Percentage white: a new feature for ultrasound classification of plaque echogenicity in carotid artery atherosclerosis.

Ultrasound Med Biol

Wallenberg Laboratory for Cardiovascular Research, and Center for Cardiovascular and Metabolic Research, Sahlgrenska Academy, University of Gothenburg, Gothenburg, Sweden.

Published: February 2010

Atherosclerotic stenotic and nonstenotic plaques of the carotid artery with low echogenicity have been shown to be associated with cardiovascular disease. The aim was to develop a new method for semiautomated ultrasound image analysis to classify nonstenotic carotid plaques, evaluate cases with multiple plaques and examine the association between a new image analysis feature of echogenicity and predictors of cardiovascular disease. The new image analysis feature, percentage white (PW), represents the fraction of bright structures inside a plaque and is integrated in an objective semiautomated method to evaluate echogenicity (SAMEE) in carotid plaques. PW was constructed to take into account overall echogenicity of the image as well as noise surrounding the plaque.

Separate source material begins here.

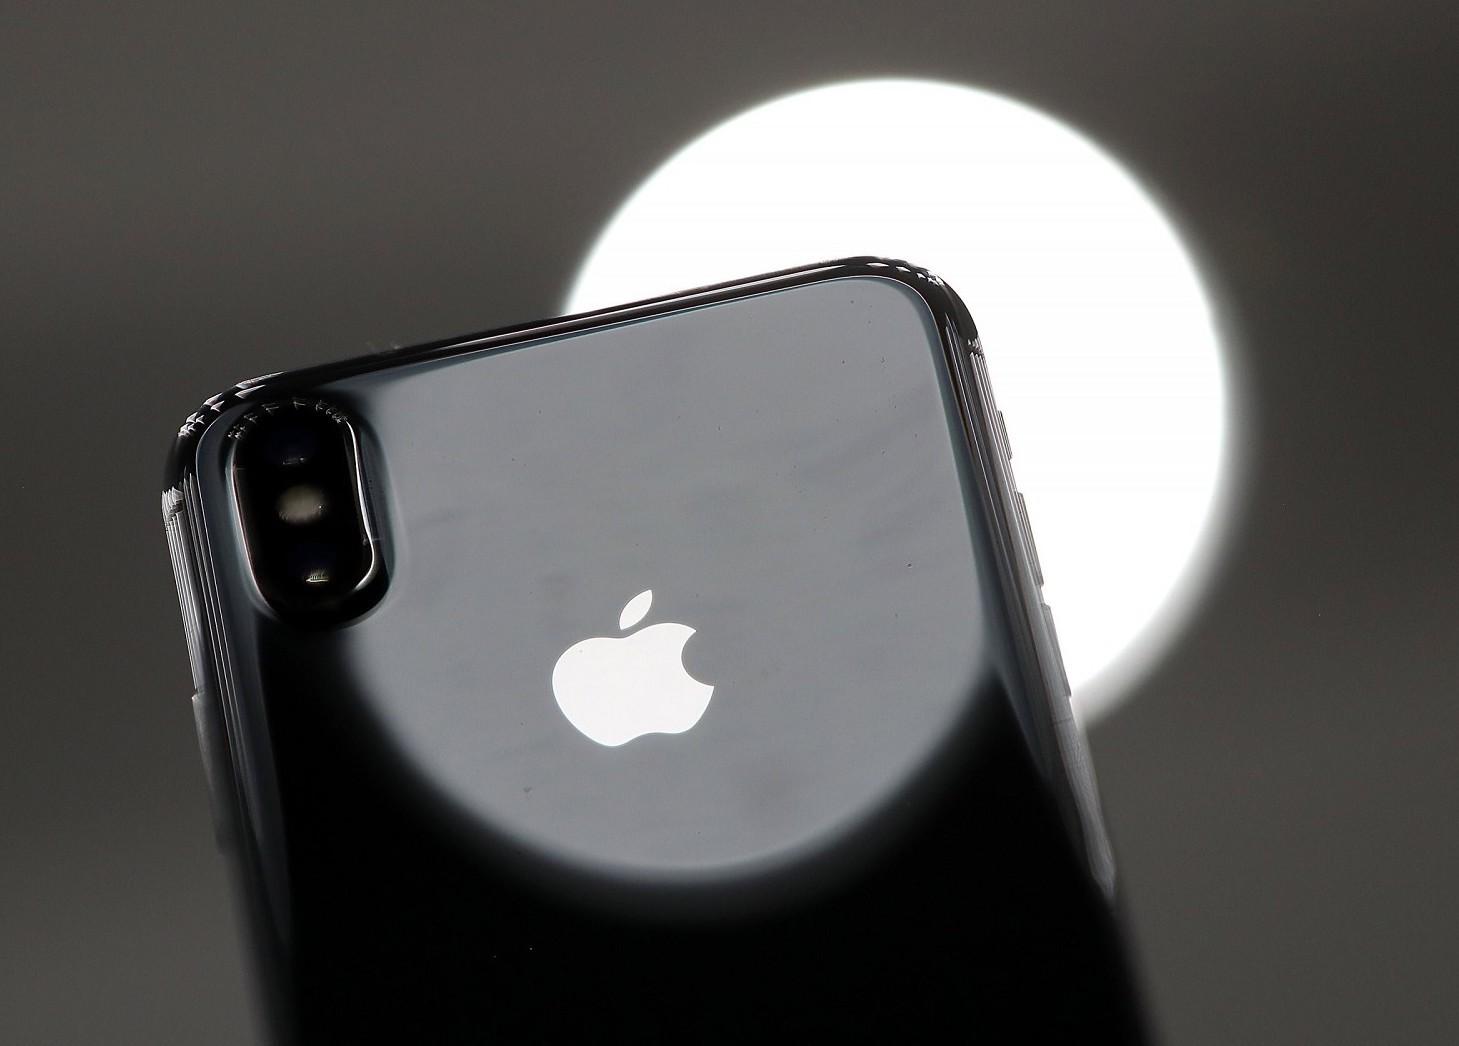 iPhone X, iPhone 8 Plus, iPhone 8: prezz

Consecutive ultrasound examinations of carotid plaques from a population-based screening of 64-year-old women with varying risk for cardiovascular disease were selected for the present project; 92 far-wall and 47 near-wall plaques were used as a training dataset to develop the SAMEE algorithm with visual classification according to Gray-Weale as reference; 273 plaques were used to validate the method. All plaques were included in an analysis relating predictors of cardiovascular to average PW in all plaques, PW in the biggest plaque and to the plaque with lowest PW in each subject, respectively. In the training dataset the intermethodological variability between SAMEE and visual classification showed a kappa of 0.78 and a sensitivity and specificity of 96% and 81%, respectively. In the validation set, SAMEE and visual classification showed a kappa of 0.77, a sensitivity of 96% and a specificity of 80%. The reproducibility of PW was high, evidenced by r = 0.96 and CV = 9.85% at repeated examinations. Average PW values were associated with several predictors of cardiovascular risk: lipoprotein (a), HbA1c, blood glucose, apolipoproteinB/apolipoproteinA-I; and associated negatively with the levels of adiponectin and apolipoprotein A-I. In conclusion, PW integrated within a SAMEE is a new feature for assessment of echogenicity in carotid plaques and shows excellent reproducibility and agreement with visual assessment.